Cela dit, les auteurs ne parviennent pas vraiment à éviter certains écueils assez classiques de la sociologie de l’éducation. Ainsi, tout en expliquant avec beaucoup de pertinence comment les inégalités scolaires se construisent socialement, l’ouvrage renforce d’une certaine façon la légitimité des jugements scolaires, au détriment d’autres critères de jugement, plus répandus dans les familles des couches populaires notamment. Certes, les jugements scolaires, pour arbitraires qu’ils peuvent apparaître, fondent les inégalités et donc les pouvoirs des uns sur les autres ; aussi, il eût été tout aussi regrettable de tomber dans l’écueil inverse, celui de la relativité absolue des normes. Néanmoins, la perspective adoptée dans l’ouvrage tend à atténuer, voire à invisibiliser, les capacités de résistances des classes populaires.
De sorte que l’ouvrage, contrairement aux précédents travaux de Bernard Lahire, peut sembler renouer avec un certain fatalisme, qui avait été tant reproché aux travaux d’inspiration bourdieusienne. Certes, les monographies donnent à voir la pluralité des instances de socialisation qui concourent à la fabrication sociale des enfants. Il apparaît ainsi clairement que l’influence des parents ne suffit pas à rendre compte de la socialisation d’un enfant et qu’il convient de s’intéresser à la pluralité des instances de socialisation dans lesquelles les enfants évoluent. Cependant, cette pluralité est elle-même limitée puisqu’elle est d’abord le produit de la trajectoire sociale des parents et des enfants, de leurs rencontres, de leurs expériences, etc. Qui ne sont pas les mêmes d’un milieu social à l’autre.

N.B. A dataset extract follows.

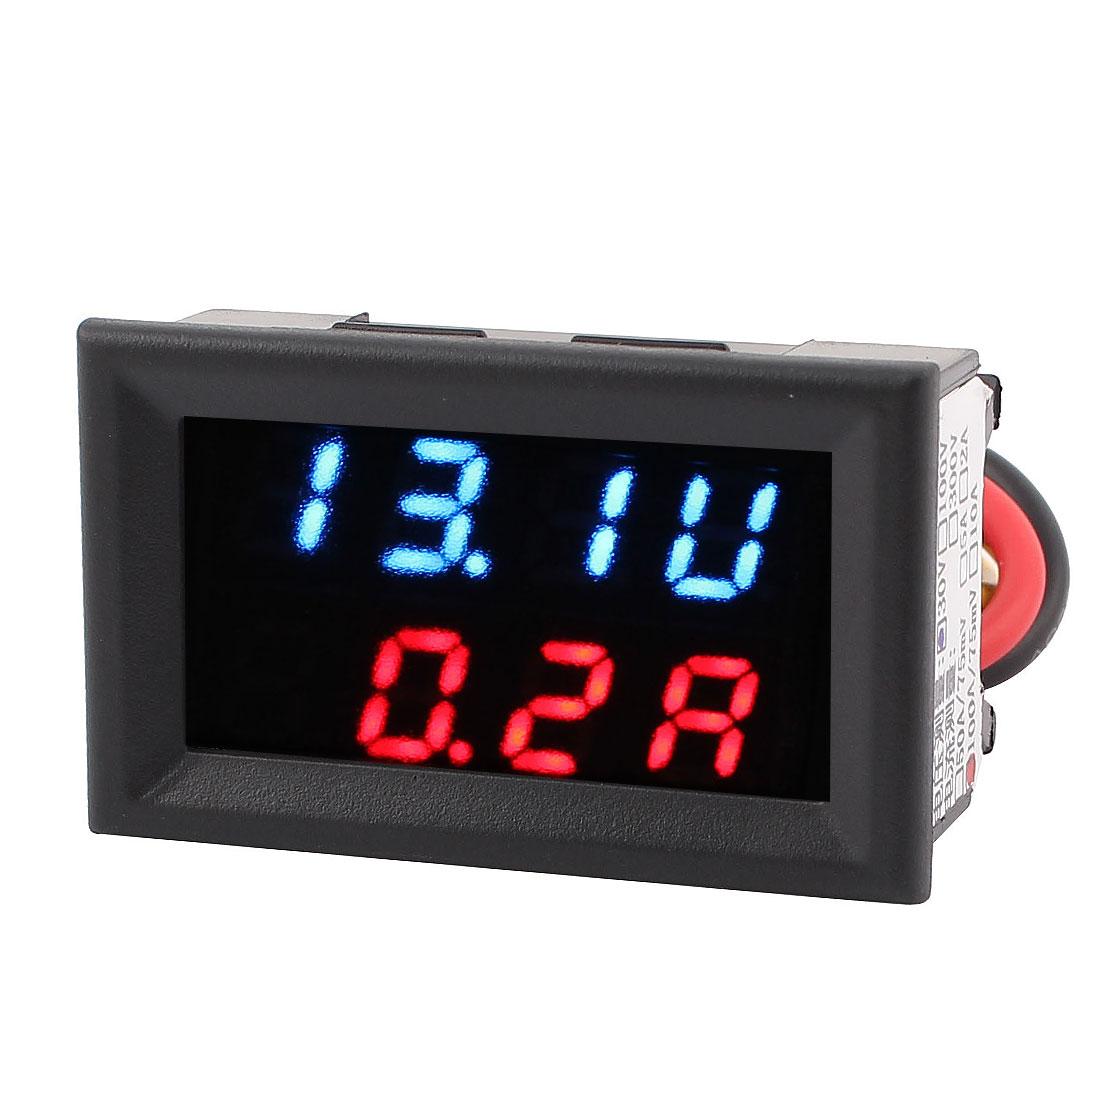 DC 4-30V 0-100A Power Battery Tester Dual LED Digital Voltage Current Meter

Or, dans la mesure où la construction des normes et des jugements scolaires eux-mêmes n’est pas interrogée, l’ouvrage peut paradoxalement donner l’impression que les inégalités face à la réussite scolaire seraient principalement le produit de la socialisation familiale et non pas de l’école elle-même. L’influence des politiques scolaires, des programmes ou encore des pratiques pédagogiques n’est pas vraiment questionnée. Ce faisant, involontairement, les auteurs accréditent d’une certaine façon l’explication des inégalités scolaires selon la grille de lecture des handicaps socioculturels, renvoyant aux familles la responsabilité du destin scolaire de leurs enfants.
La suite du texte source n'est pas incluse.